Nonetheless, unlike the claims brought against the Venture Capital Defendants, the deficiencies in plaintiffs' pleadings against the Underwriter Defendants can, arguably, be remedied by providing additional detail in an amended pleading Therefore, although the Court GRANTS the Underwriter Defendants' motion to dismiss with respect to plaintiffs' Section 12(a)(2) claim, the Court does so WITHOUT PREJUDICE. Plaintiffs shall have 14 days from entry of this Order to file an amended pleading directed solely as to their Section 12(a)(2) claim against the Underwriter Defendants. Should plaintiffs fail to file an amended pleading by that deadline, then the Section 12(a)(2) claim against the Underwriter Defendants will be deemed dismissed with prejudice.
The Underwriter Defendants rely upon the Clovis Defendants' motion to dismiss with respect to the claim brought under Section 11 of the Securities Act. (ECF No. 103 at 2.) Because the Court has granted the Clovis Defendants' motion to dismiss with respect to the Section 11 claim only as to certain statements that the Court has found to be immaterial, and denied the motion to dismiss in all other respects, the Court likewise DENIES and GRANTS the Underwriter Defendants' motion to dismiss with respect to the Section 11 claim in the exact same manner.

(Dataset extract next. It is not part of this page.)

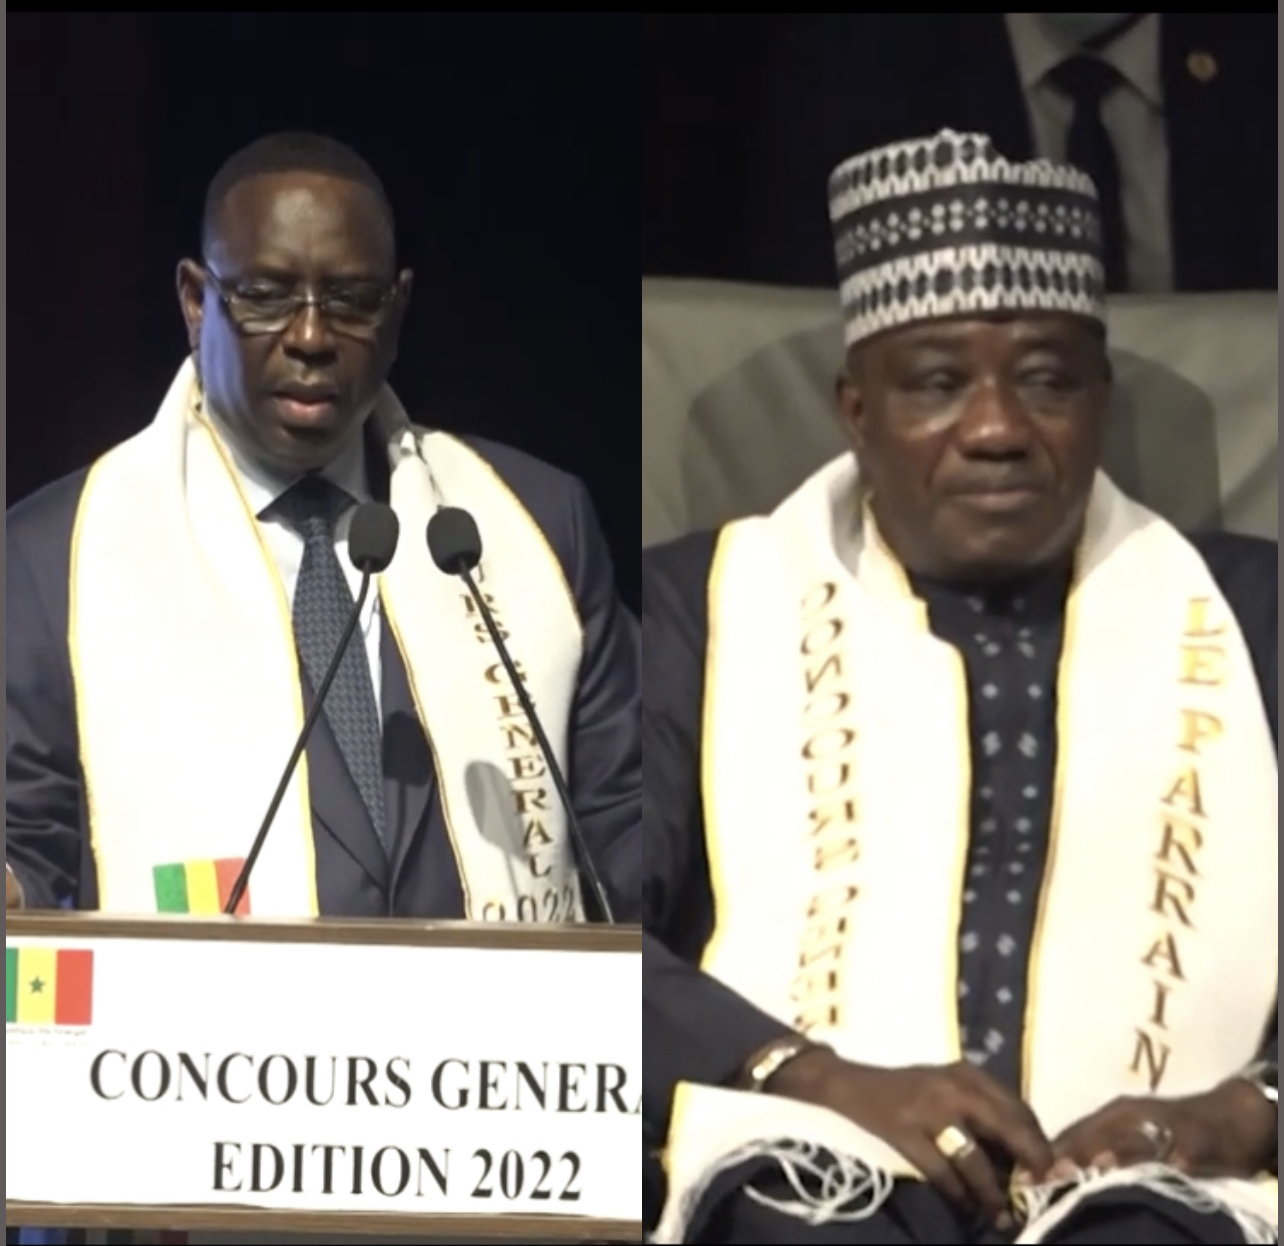 Concours général édition 2022 : Le président de la République décerne son satisfecit au parrain, le professeur Souleymane Mboup.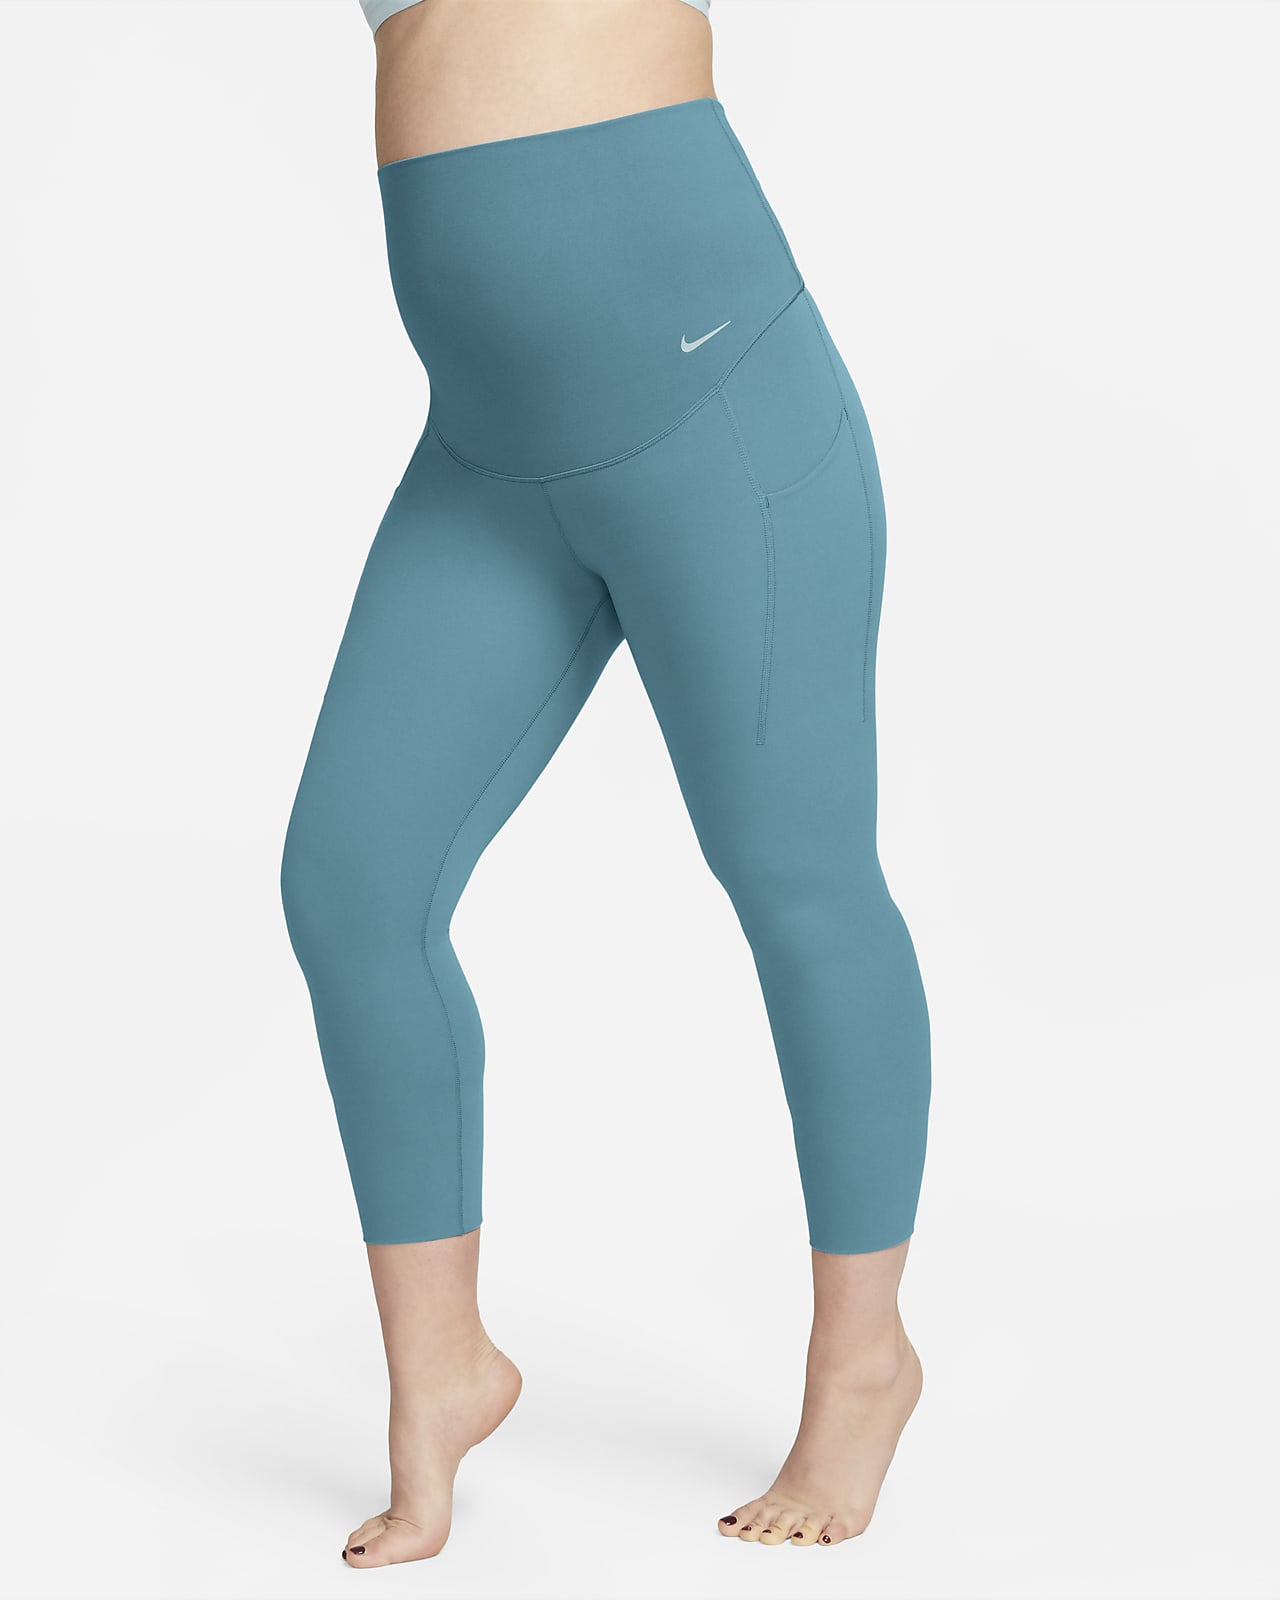 Nike Women's Zenvy (M) Gentle-Support High-Waisted 7/8 Leggings

For the reasons discussed herein, the Court:
Plaintiffs shall have 14 days from entry of this Order to file an amended pleading directed solely as to their Section 12(a) claim against the Underwriter Defendants. Should plaintiffs fail to file an amended pleading by that deadline, then the Section 12(a) claim against the Underwriter Defendants will be deemed dismissed with prejudice.